Before beginning this section, I would first like to point out that core.async is a later addition to Clojure, while Clojure’s more conventional approach to concurrency involves tools such as ref, atom, agent, and var, which, similar to locks in Java, facilitate shared-memory concurrency, but can be much more ergonomic and pleasant to use due to Clojure’s functional nature, which enables the separation of identity and state via the widespread use of persistent data structures (“persistent” in this context refers to the fact that the data structure always preserves its previous version when modified. A classic example of this is a list, to which if you prepend a new head, the tail remains unchanged and a reference to which can be easily kept around as the previous version of the entire list. This is of course a feature shared by other functional languages such as Elixir). Another interesting concept is Software Transactional Memory (STM), which allows you to keep a series of reads and writes in one single transaction, somewhat similar to a database transaction. These ideas are not unique to Clojure: Various functional languages such as Haskell offer similar tools for shared-memory concurrency.

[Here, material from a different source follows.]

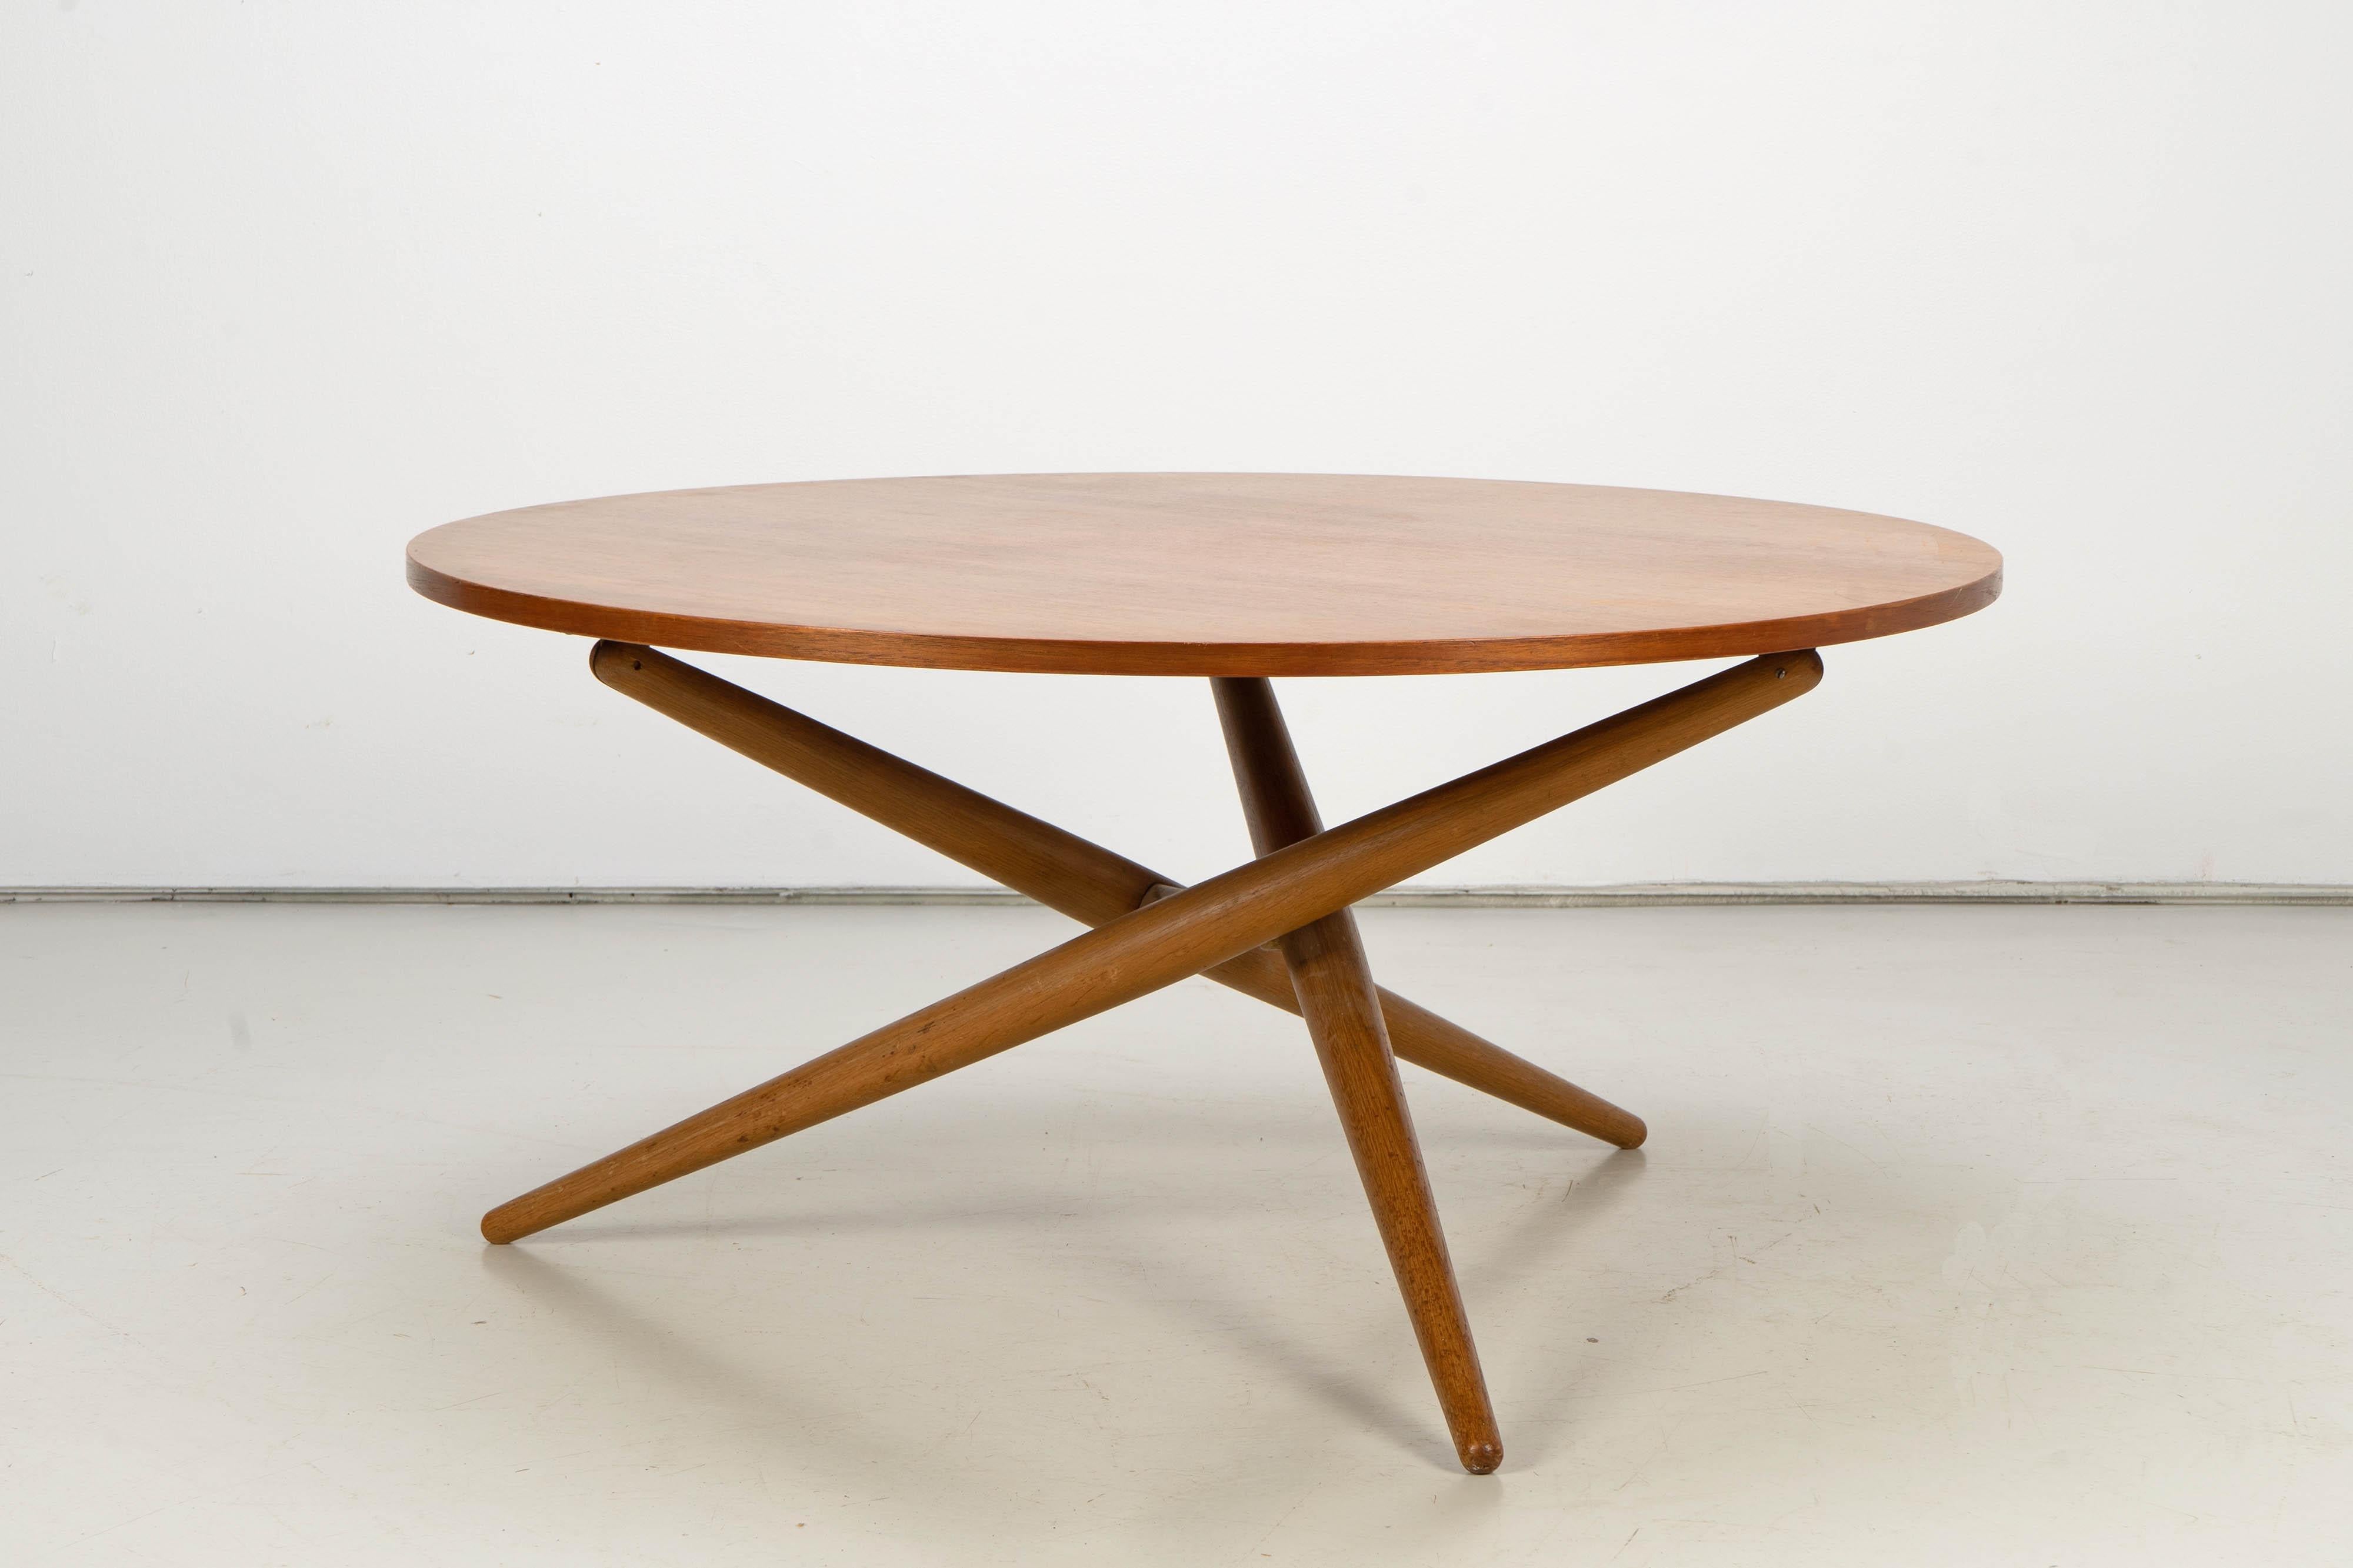 Height-adjustable table by Jürg Bally for Wohnhilfe Zurich, Switzerland. Due to its gear device this piece of furniture designed in 1951 can be transformed from a coffee table to a small dinner table. The gear device features several levels of

When recording the podcast, Owen raised a very good point that when he first started with Elixir, he thought the no-shared-memory nature of the Actor Model and the BEAM is something that automatically comes with functional programming, which turned out to not be the case. In fact most functional programming languages still handle shared-memory concurrency, just with a different (and some may argue more elegant) flavor compared to how procedural languages traditionally do it. We won’t have time to go into the details of these, though I’d encourage you to refer to the resources listed in at the end of the post if you’re interested in knowing more.

core.async and CSP

Different from the Actor Model, in CSP, processes are anonymous, while channels are named first-class entities. In Clojure’s core.async, you can return a channel from a function and pass it around. Readers and writers use channels to relay messages.

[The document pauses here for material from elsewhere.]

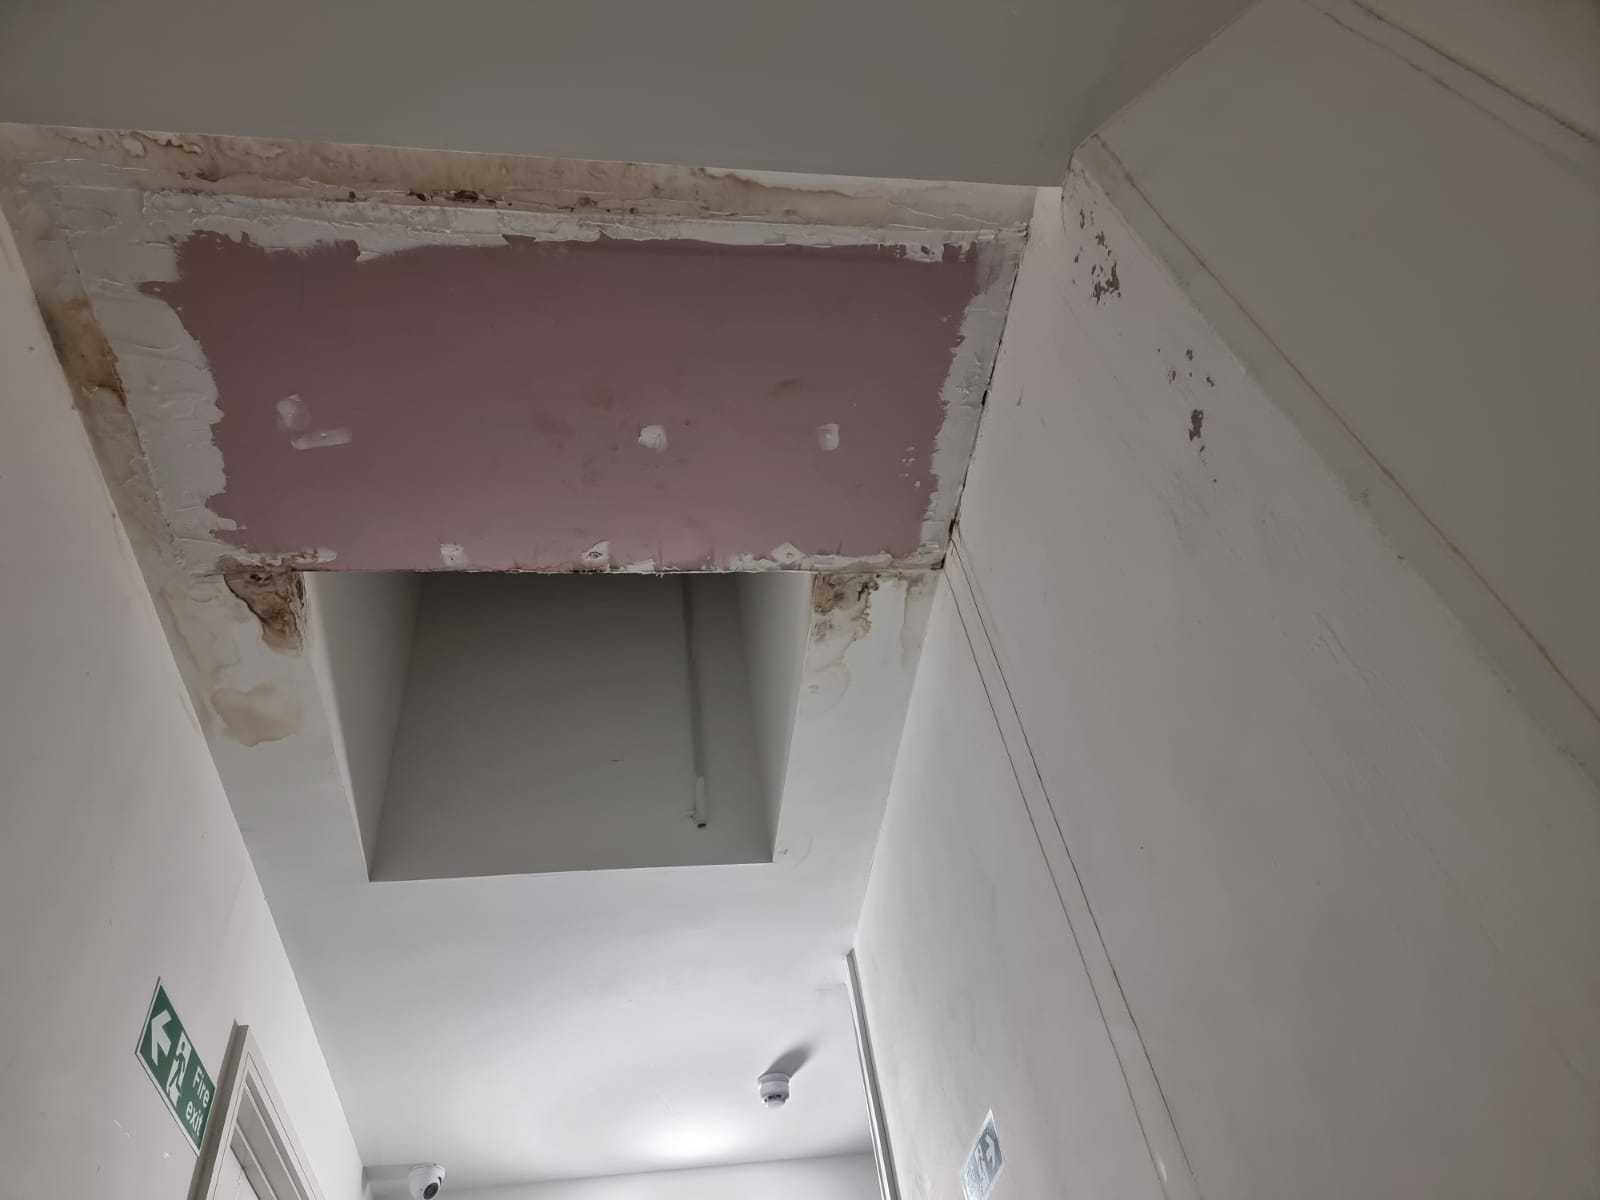 A photo showing leaks and water damage at the housing block

In core.async, the default channel is blocking and synchronous: Once a writer writes a message into the channel, it will be blocked until a reader reads the message.

(let [c (chan)]
  (thread (>!! c "hello") (println "writer unblocked"))
  (thread (println (<!! c))))

Output:

hello
writer unblocked

In this example, we create a channel named c and then spawn two JVM threads. The first thread writes "hello" into the channel, while the second thread reads the message off the channel and prints it immediately, after which the writer gets unblocked.

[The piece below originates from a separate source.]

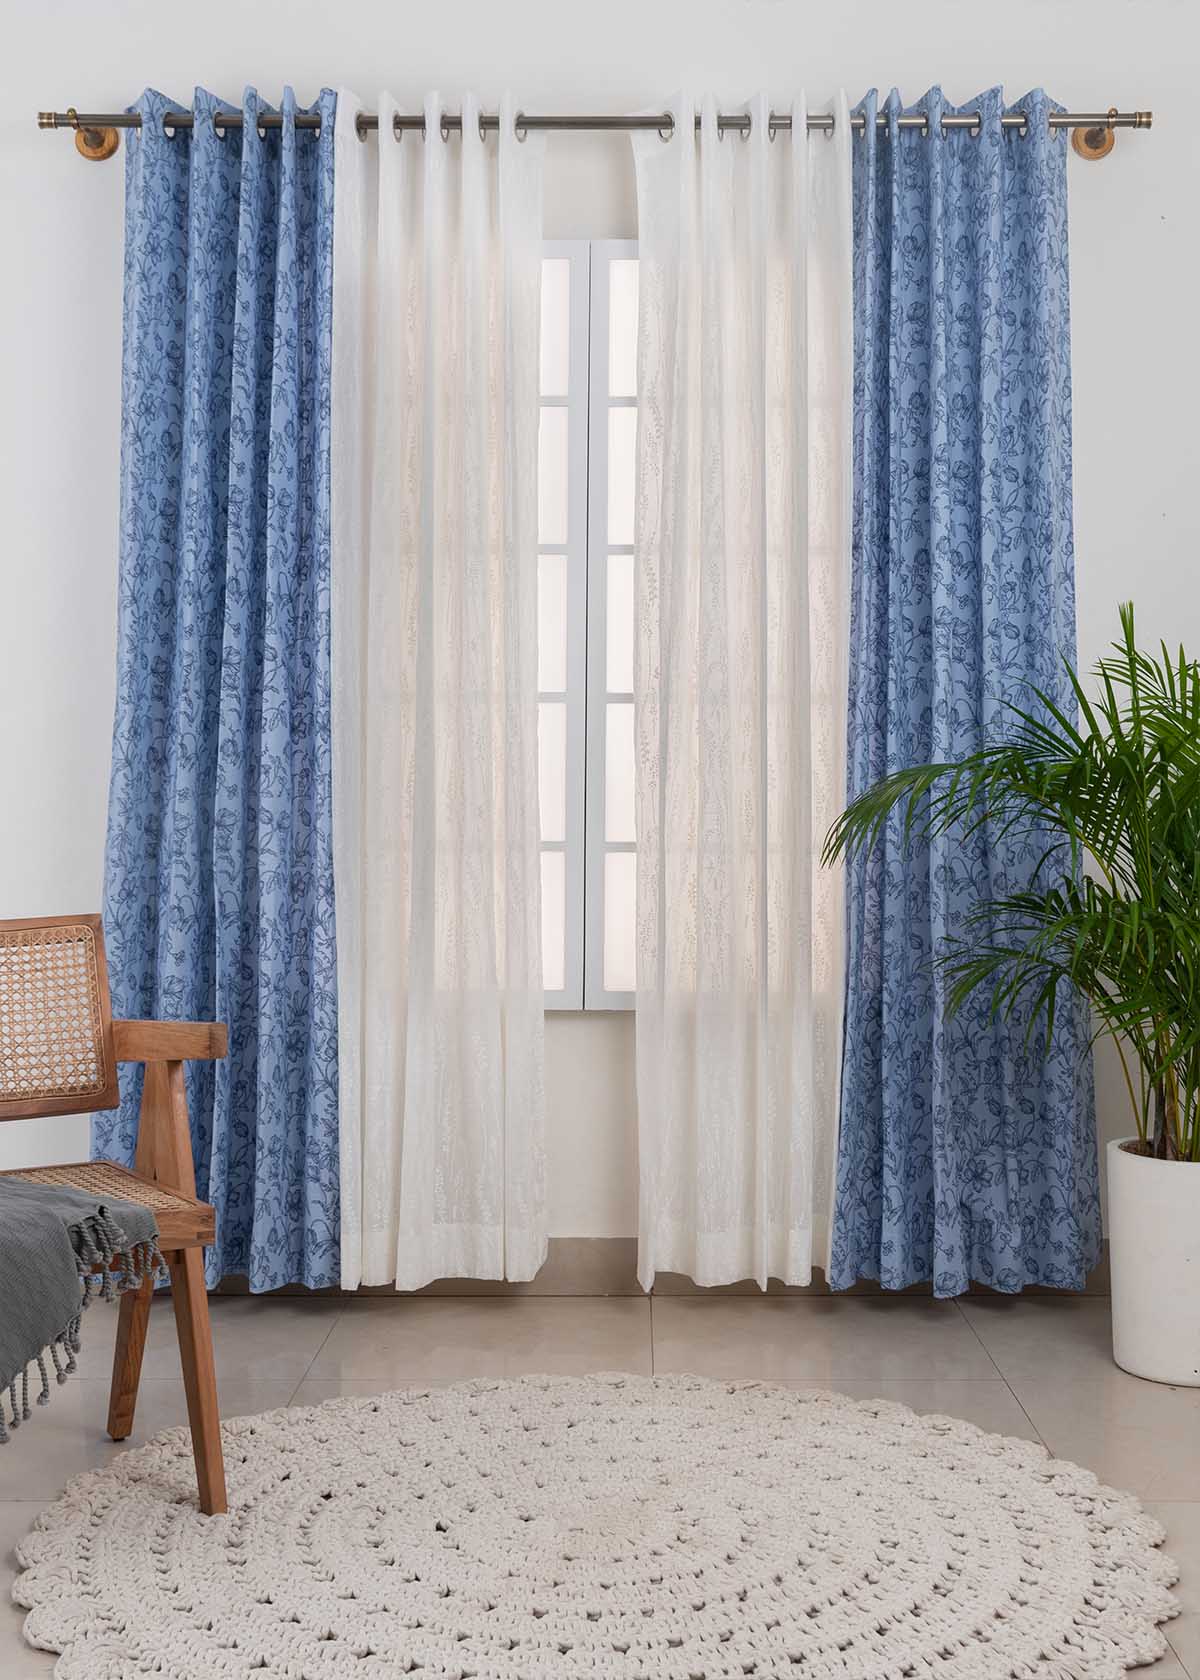 French Farmhouse In Blues, Grass Fields In White Set of 4 Combo Cotton Curtain - Blue And White

Similarly, once a reader decides to listen on a channel, it will be blocked until a writer delivers a message:

(let [c (chan)]
  (thread (println (<!! c)) (println "reader unblocked"))
  (thread (>!! c "hello")))

Here, the reader is blocked first, before it later gets unblocked once the writer puts a message "hello" into the channel.

(There are variants such as buffered channels, which enable non-blocking behavior to some extent: As long as the buffer is not full, a writer will be able to fire and forget and will not be blocked, similar to how a BEAM process sends its message. However, unlike the unlimited mailboxes in BEAM/OTP, there are no channels of unlimited size in core.async, meaning even a buffered channel will get full at some point. Sliding channels and dropping channels can also be used, which drops the oldest or the newest message when full.)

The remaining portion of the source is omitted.